9.08 Assets lost during the previous 5 years / average assets
This indicator is calculated as the ratio of the total losses to consumers arising from the
insolvency of insurers or intermediaries, fraud, theft or government appropriation during the
previous five years to the average assets of insurers during that same five‐year period. Data on
losses might be compiled from variety of sources, including the records of the supervisor, the
records of policyholder protection schemes, court documents, estimates prepared by insurers
or industry associations, and reports in the media.

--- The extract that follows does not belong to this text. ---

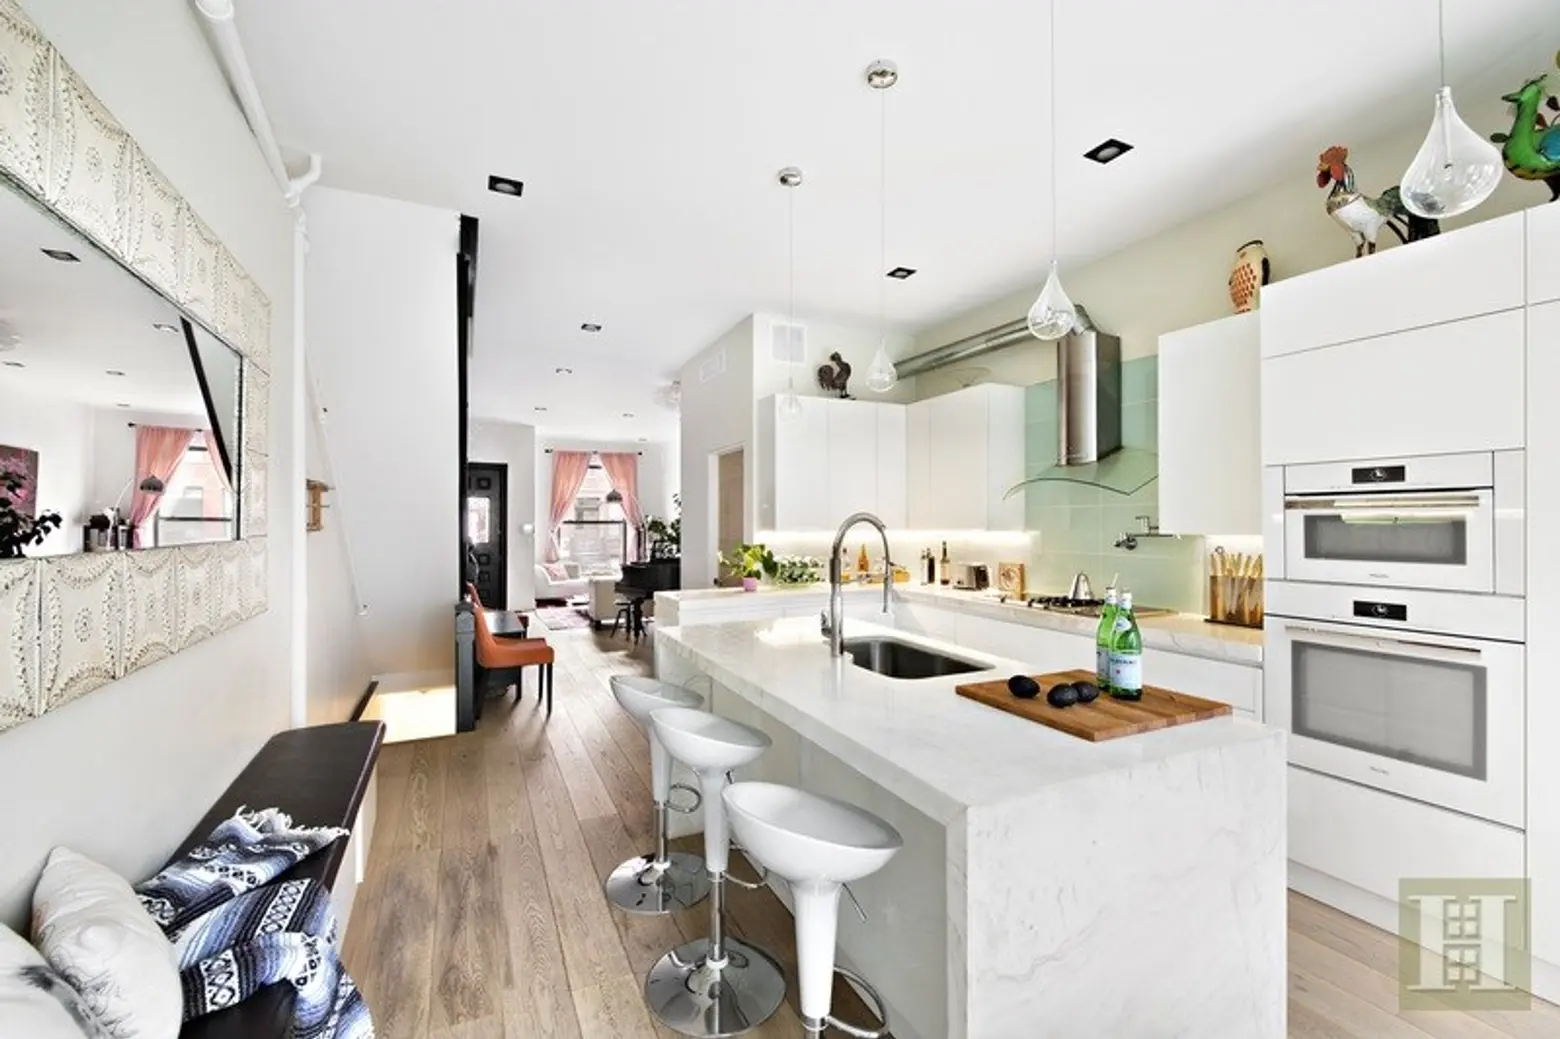 $2.95M for a modernized townhouse with a glass terrace right in Central Harlem
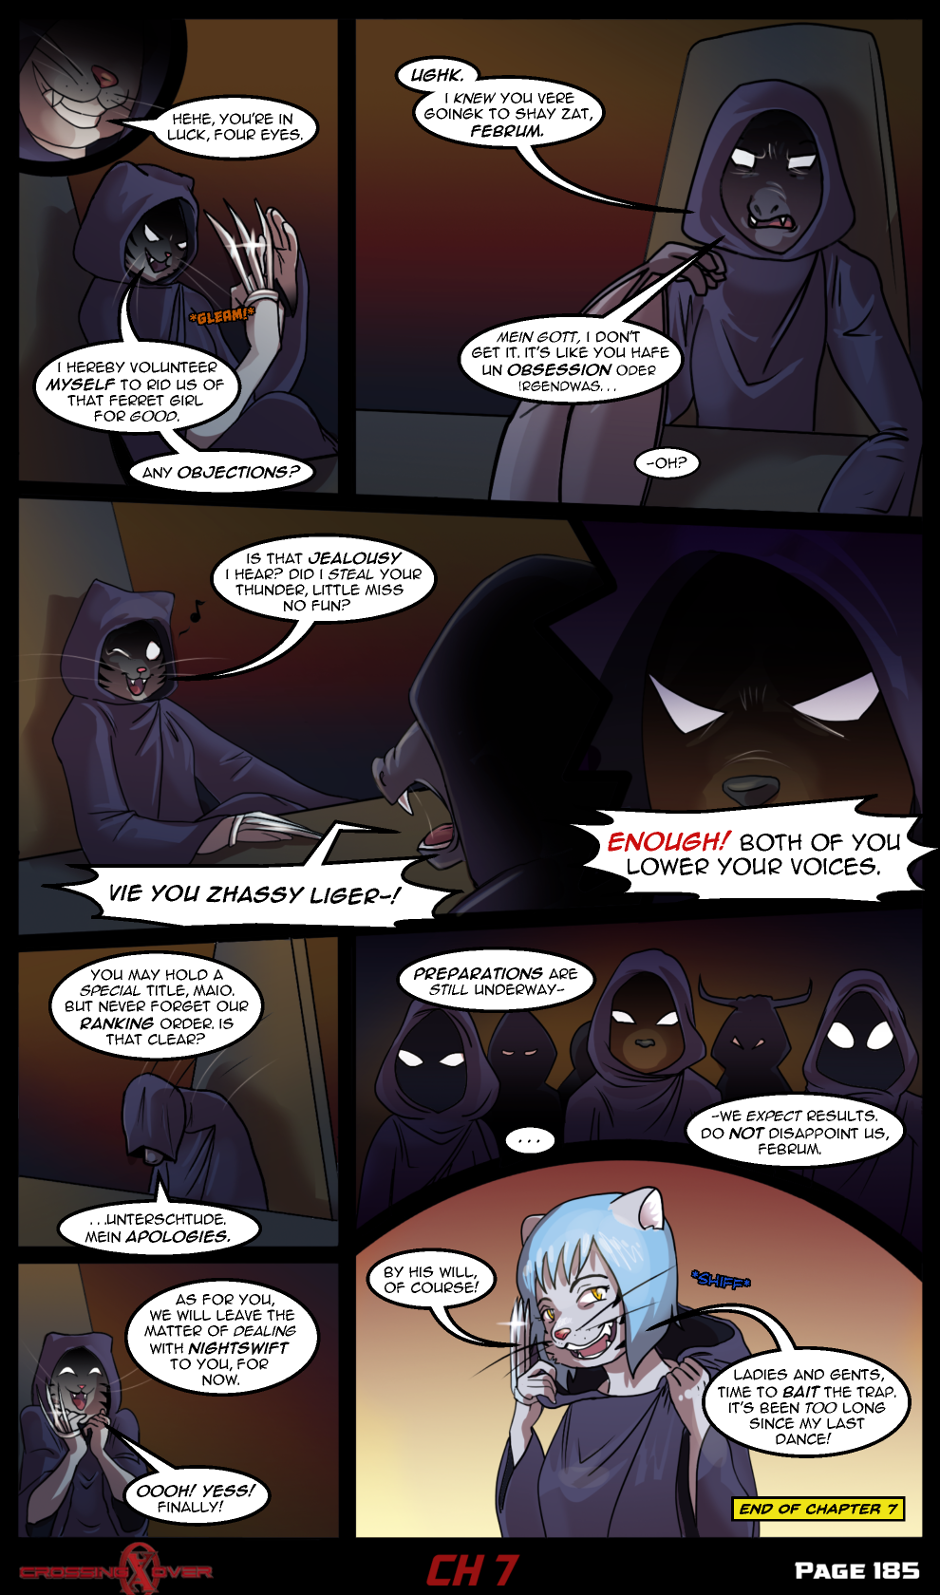 Page 185 (Ch 7)

This indicator enables analysis of the overall security of the insurance sector for consumers. It
also provides an indication of the extent to which insurance costs might be increased by the
need for insurers to recover losses arising from fraud. Its progress over time should be
examined and comparisons might also be made with the assets lost in other financial sectors in
the jurisdiction.
9.09 Inclusion
Inclusion is calculated as the ratio of the number of people who have one or more insurance
policies to population. The number of people who have one or more insurance policies might
be determined through surveys. It might also be determined using the detailed records of the
insurers, although care would have to be taken to avoid double‐counting individuals who have
more than one insurance policy. The inclusion ratio might be calculated separately for the life
and non‐life sectors.
This indicator provides a measure of market development and accessibility. In general, the
higher the inclusion ratio, the more developed the market and the more readily insurance
services can be accessed by consumers.
The inclusion ratio might also be compared with the percentage of people who have bank
accounts or who are using formal financial services of any type.